Получат ли учёные, выступавшие наперекор рискованным исследованиям с криками «Остановитесь!», поддержку от общественности теперь, когда общественность обо всем знает? Или «Учёные за науку» продолжат использовать свои преимущества от должностных лиц в СМИ, чтобы ввести общественность в заблуждение относительно истинных рисков своих исследований? Сможем ли мы привлечь мобилизованную общественность к задаче управленческой работы? Или «Учёные за науку» будут использовать своё преимущество в академических кругах, чтобы закрепить за собой центры власти в сфере вирусологии, подавить открытое научное обсуждение вероятного лабораторного происхождения SARS-CoV-2, уйти от ответственности и добиться успеха в своих попытках пролоббировать увеличение финансирования, расширение штата сотрудников и увеличение количества академических исследований, направленных на усиление потенциально пандемических патогенов?
Сможем ли мы предотвратить катастрофический несчастный случай в лаборатории, способный покончить с человеческой цивилизацией, или общественность будет бояться экспертов настолько, что избежит дебатов на эту тему, будет следовать идее «Науки» и «позволит учёным заниматься наукой», даже если эти учёные могут обречь нас всех на гибель?
Я искренне надеюсь, что, разобравшись в истории патогенного академического лобби, общественность сможет принять участие в обсуждении этой темы, выявить конфликт интересов, который есть даже в научном сообществе, и осознать срочную необходимость вмешательства.

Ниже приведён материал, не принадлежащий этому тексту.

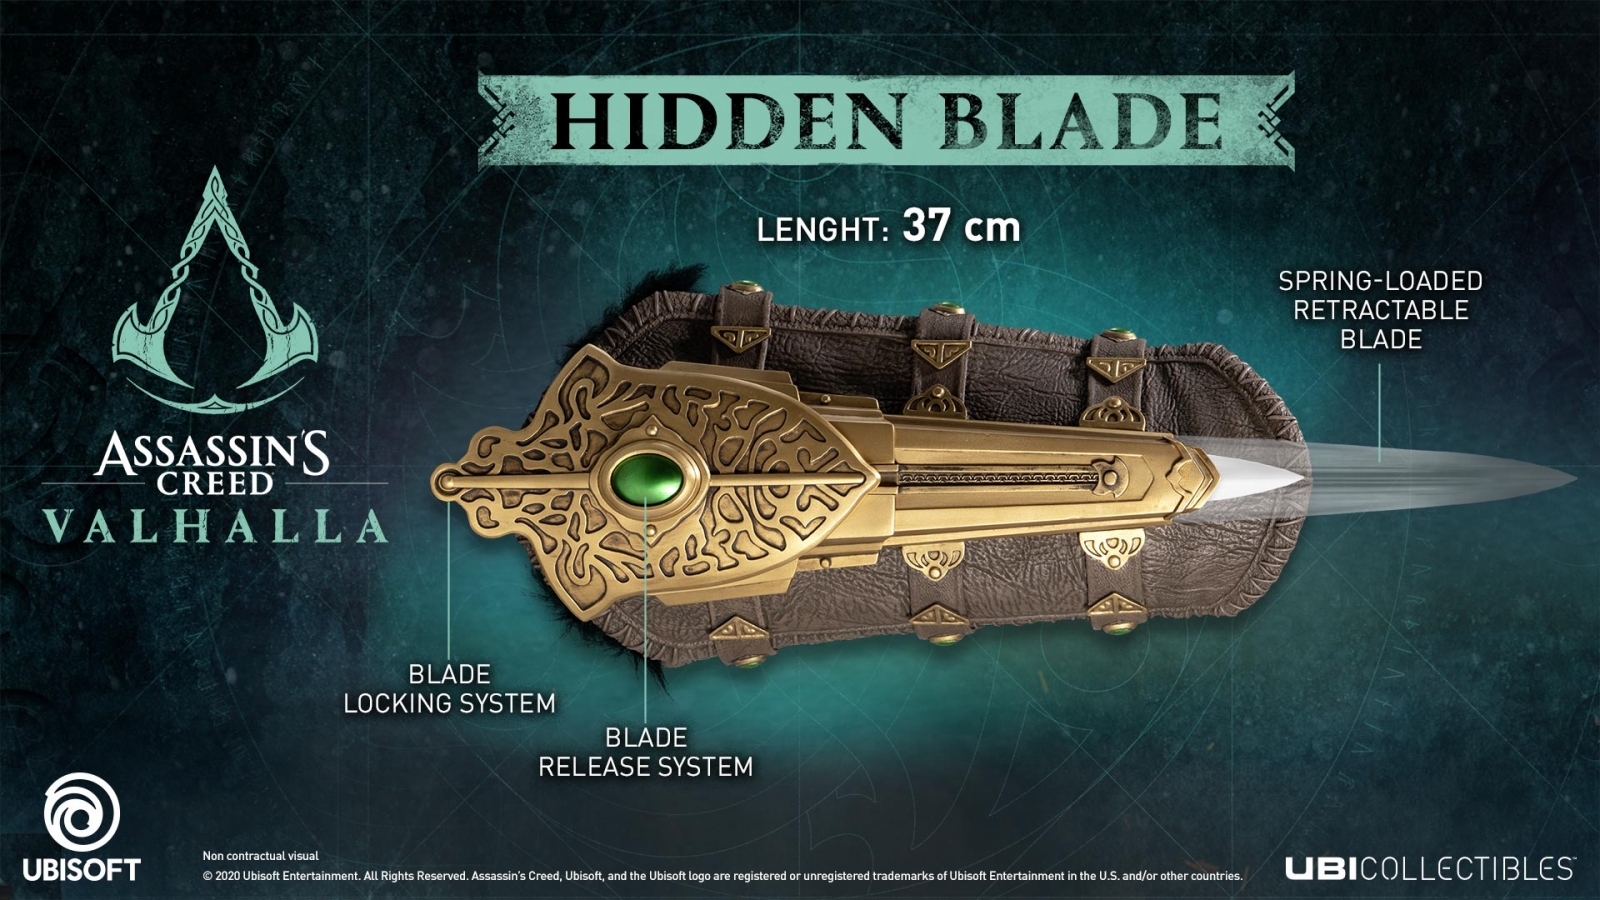 Assassin's Creed Valhalla: Eivor's Hidden Blade figurine

Наука — это замечательно. Я люблю науку. Однако наука, как и религия, была прекрасна до того, как в неё вмешались люди. Люди, вовлечённые в эту микроскопическую нишу науки, занимающуюся изучением потенциальных пандемических патогенов, создали неподотчётную систему с неправильно выстроенными стимулами, которая подрывает национальную безопасность и здоровье всего мира. Любая политика, направленная на снижение риска несчастных случаев в лабораториях, должна бороться с «Учёными за науку» и созданной ими системой, в рамках которой некоторые учёные публикуют и широко распространяют результаты опасной работы и протоколы по улучшению патогенов, чтобы напугать людей и использовать их страх для увеличения своего финансирования, а затем использовать это финансирование и славу для защиты центров власти в академических сообществах и использовать свою власть, чтобы избежать ответственности и надзора.
У людей, называющих себя «Наукой» и «экспертами», есть своя история, о которой вы должны знать.